Objectives

The script and exercises for this week introduce new users to the ggplot2 package:

Core components of the basic ggplot() call
Adding information one variable at a time via aes() and facet_*
Formatting and themes

Online resources

Here are some helpful resources for learning how to use ggplot and just thinking about graphing, in general.

ggplot2 how-to pages

General graphing resources

Materials

Lecture

Video on YouTube

Script

IntroGGplot.R

Walking through the script

Package loading

We’ll load ggplot2 by itself. It lives in the tidyverse, which we will typically load because and since we often use other tidyverse functions, but here let’s focus on ggplot2.

Remember that in an R markdown file, you need to include the package loading even if you have it loaded in the session. R markdown files are like self-contained \({\bf\textsf{R}}\) sessions, so it only knows what you tell it. If you need a function from a package in a code chunk, be sure to load the package first.

pacman::p_load(ggplot2)

Data loading

This script uses the mtcars2 dataset created in the previous lesson. This time there are three options: Either load it from the .Rdata object you saved at the end of the previous lesson…

setwd(".../R") 
mtcars2 <- load("./data/mtcars2.Rdata)

… or read from a .Rdata object on GitHub…

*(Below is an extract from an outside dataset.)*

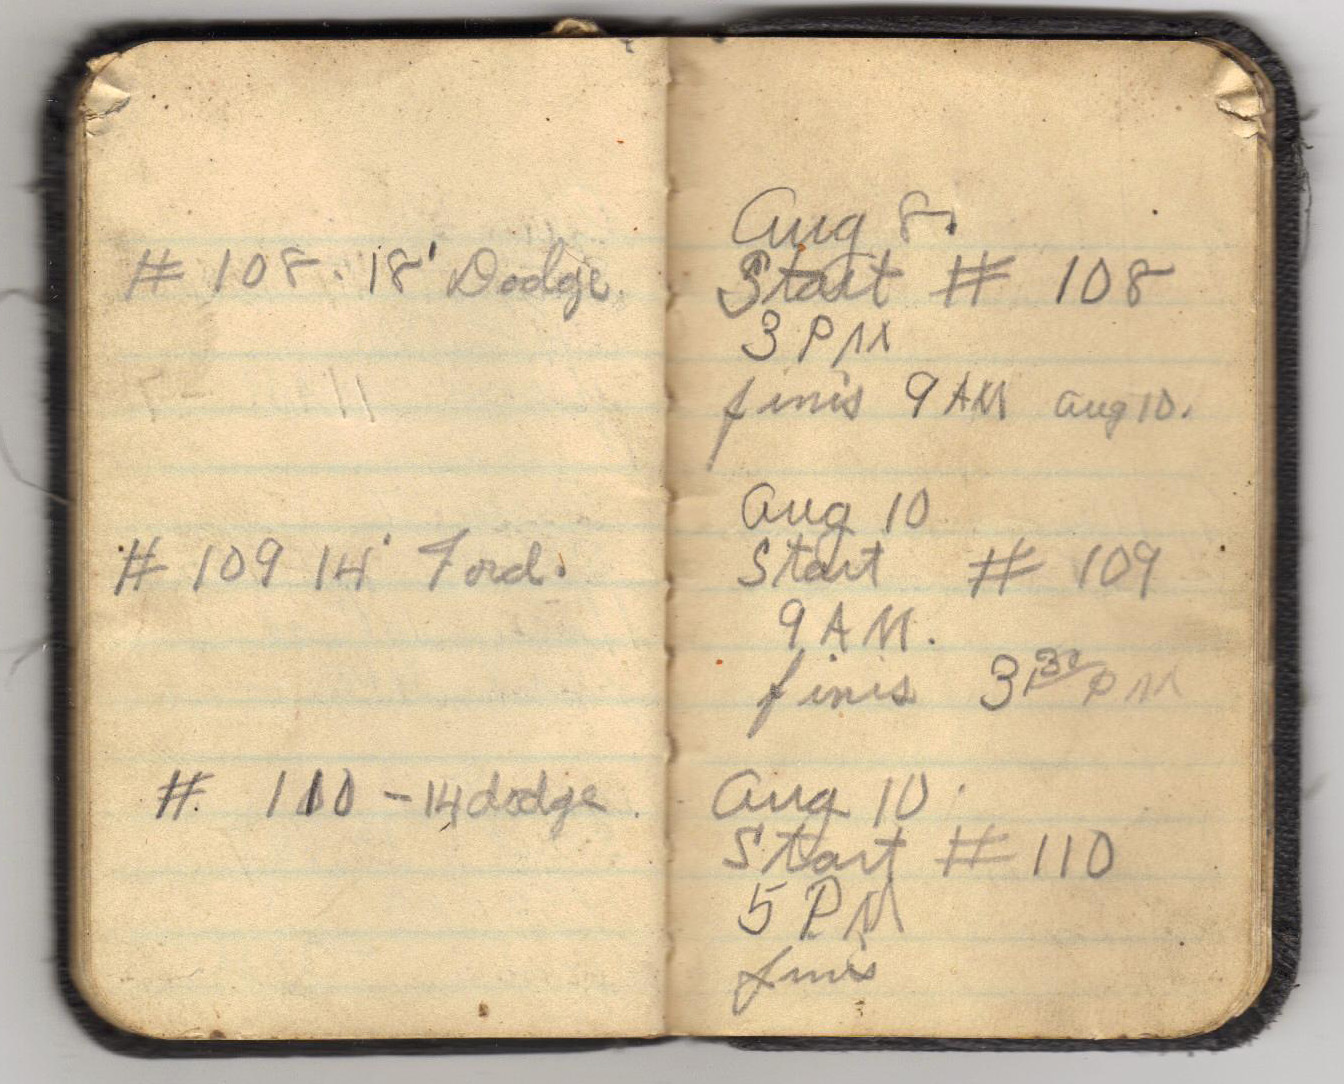  Pages from Ollie Eager's 1936 handwritten log book. 
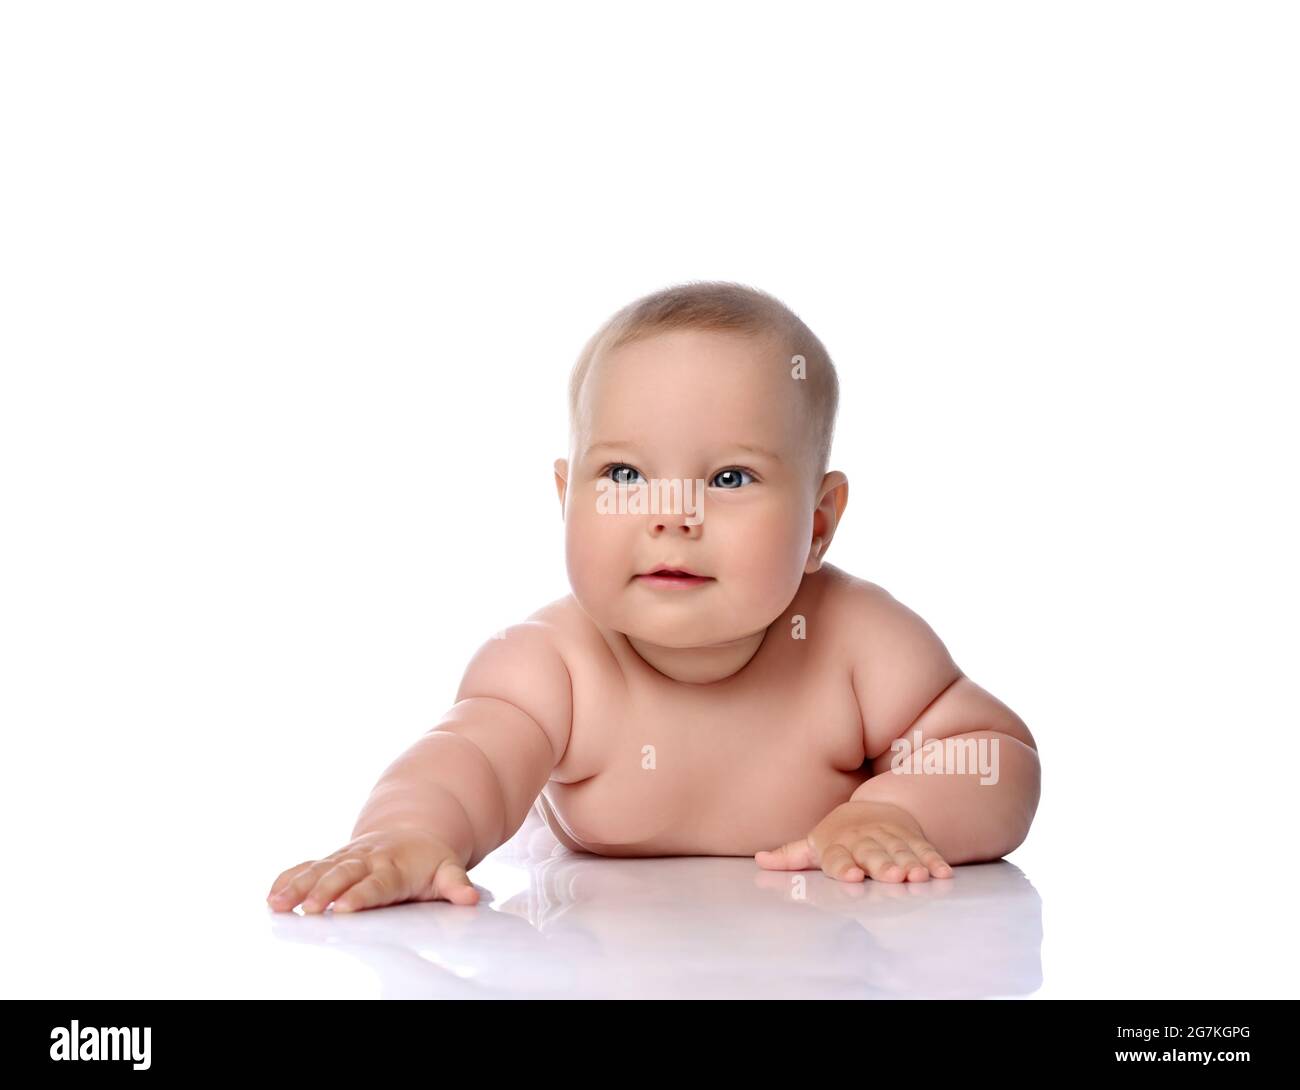 Healthy infant child baby girl kid in diaper is lying on her stomach holding arm outstretched, slapping on floor  Stock Photo

objURL = url("https://github.com/devanmcg/IntroRangeR/raw/master/data/mtcars2.Rdata") 
load(objURL)

…or read from a .csv on GitHub:

csvURL = url("https://github.com/devanmcg/IntroRangeR/raw/master/data/mtcars2.csv")
mtcars2 <- read.csv(csvURL)

Note: To load files from GitHub into \({\bf\textsf{R}}\), URLs must include raw, not blob.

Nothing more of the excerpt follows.